The newest producer to enter the game, and arguably one of the most sincere that we’ve had in quite some time, Stephen Starks, who goes by the moniker of S-Choir Music, is the creative mind behind the productions available online at www.s-choirmusic.com.   So far, the full-time attorney has established a musical portfolio that offers a dynamic collection of tracks to roll out to, roll up to, help you unwind, club bangers as well as a lil’ something for lovers .  His style can not be linked to any one genre as he offers  joints like the funky and racy  jam “Ridin”, think Britney Spears (pre-K-fed), to joints like “Me and My Girl” which is a light, fun summer day kinda joint.  In my opinion, his musical mastery is demonstrated with tracks such as the emotionally charged “Off Balance” which offers a legato melody accompanied with  a contrasting and ever so slightly off-tempo drum kick.  Lucky for us, he was able to squeeze us in for a brief interview to speak with me about what inspires him to make the clean, refreshing musical compositions available on his site.

B: So would you say that you believe making music to be your purpose?

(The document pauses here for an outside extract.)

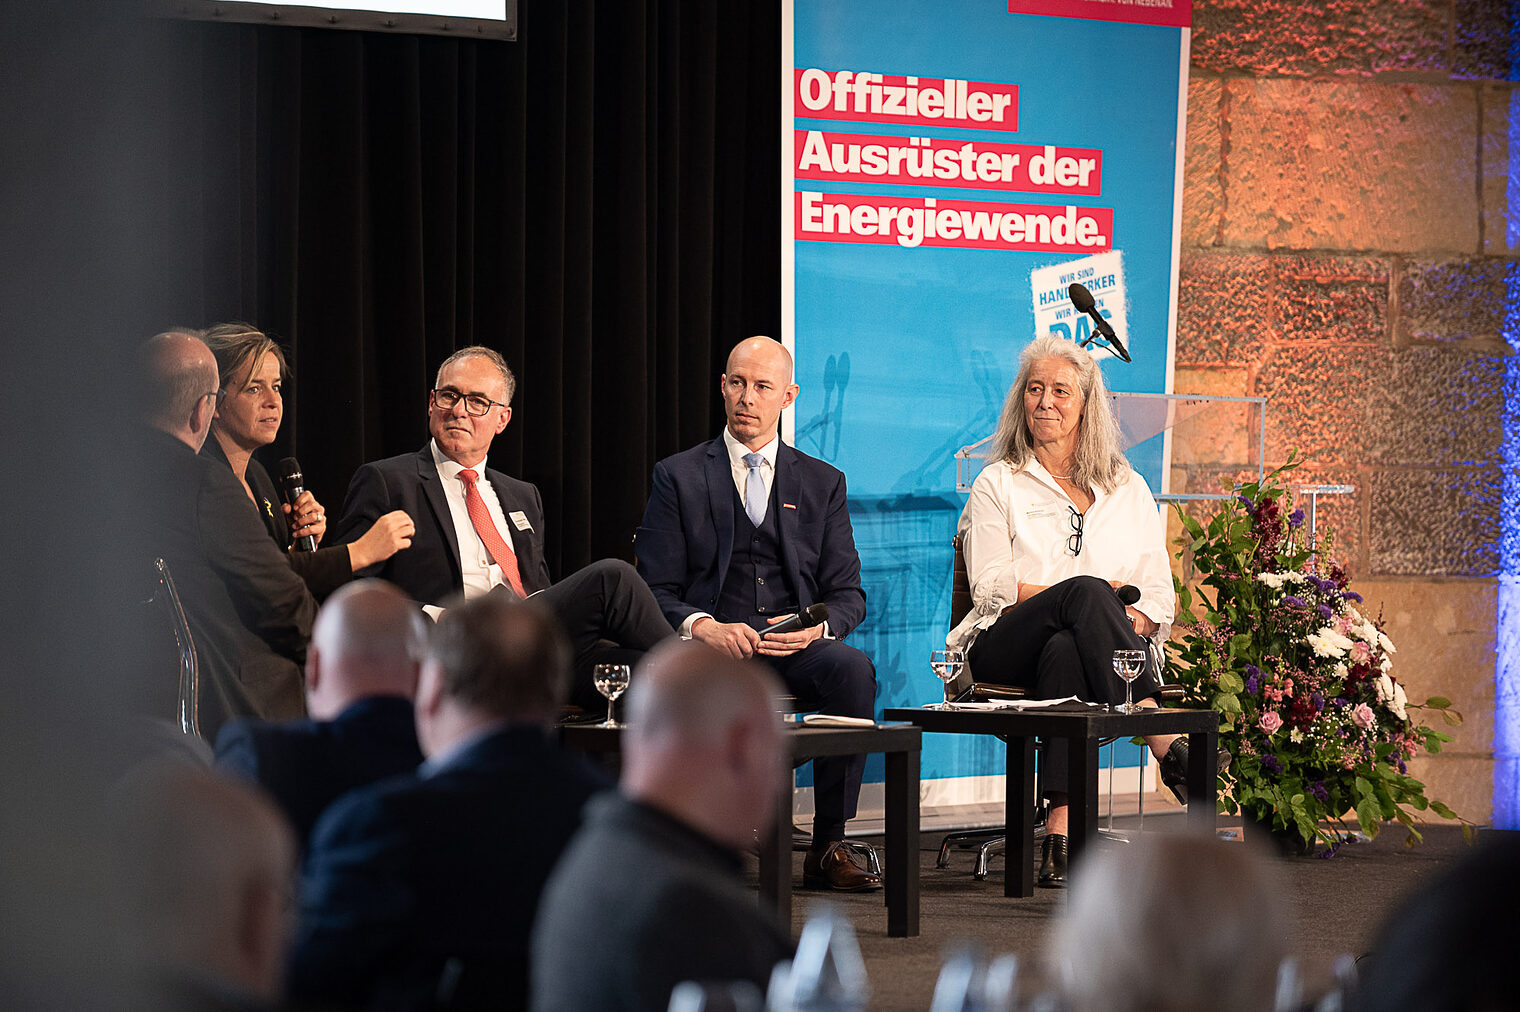 Macht sich stark für Frauen im Handwerk und gesetzliche Schutzleistungen für selbstständige Unternehmerinnen: Nordrhein-Westfalens stellvertretende Ministerpräsidentin Mona Neubaur.

S-Choir: I would.  I believe that we are put here for many purposes.  One of mine is to be the best man, son, husband, and father (when the days for the latter two come) that I can be.  Professionally, I believe that I am currently attempting to master the art of being the best lawyer I can be.  But, music has always been my passion, and with that comes the challenge of trying to produce quality music every time, without exceptions.  And, I think that is a huge challenge because if it wasn’t every musician would be able to do it with ease and that’s not what I’m hearing.  So, yes, I believe making music–good music–is my purpose.  Now, whether I’ll be able to reach my goal of never letting the people down is a completely different question.

B: What is the inspiration behind great songs like “Off Balance”(one of my personal favorites), “Love Makin”, “Lay On Me” and “Ridin'”?

S-Choir: For me, unlike what I hear about other producers, I don’t walk around with beats in my head.  But, when I sit down in front of the keyboard, I do think that things come to me.  When you hear my music, that’s where I am at the current time.  The music is me for the time being.  There is no grand equation, but what comes out when I sit down at the keyboard with a gin and tonic is what I am and where I am at that time.  I only hope that the listeners appreciate me in that space. 

B: Can you tell us about your process?

S-Choir: I think I just did.  I absolutely love chords.  I do.  With all my heart, I do.  And, the next best thing is strings.  But, perhaps my strength is drums.  Combine those with a dim light, some incense, the right groove, and a cocktail, and the magic happens.  I could do this all day and night every day and night.  I love music!

B: Who out there would you compare your sound/style to?

S-Choir: I wouldn’t.

B: Who are your inspirations?

S-Choir: Although I absolutely love Kanye and Dre, I would say that Pharrell Williams is my main inspiration as far as producers go.  His appreciation for keys and chords is second to none.  I love what he does.  On a personal music acquaintance level, Jeremias Tamarez (producer) and John Redmon (gospel and R&B singer) have been two of the most supportive musicians out there when it comes to what I do.  Those guys are selfless and have given me the support and confidence to make me realize that I have genuine ability.  And, I continue to learn from them.  I thank them.  Musically, that’s where I’m at.

B: How would you define yourself/sound?

S-Choir: Unique and consistent.  I don’t think that I have a particular sound outside of my love for chords, strings, and drums.  But, I will say that I think I take it seriously every time.  I’m a huge fan of the mid-tempo song.  You know, the song that can be either an R&B or Hip-Hop track.  I have always thought that when you hear a beat and you can’t tell which way you’re leaning, you may be on to something.  I think that if you listen to my stuff, you’ll find that they could be either R&B or Hip-Hop tracks.  I’m not sure a lot of producers can say that.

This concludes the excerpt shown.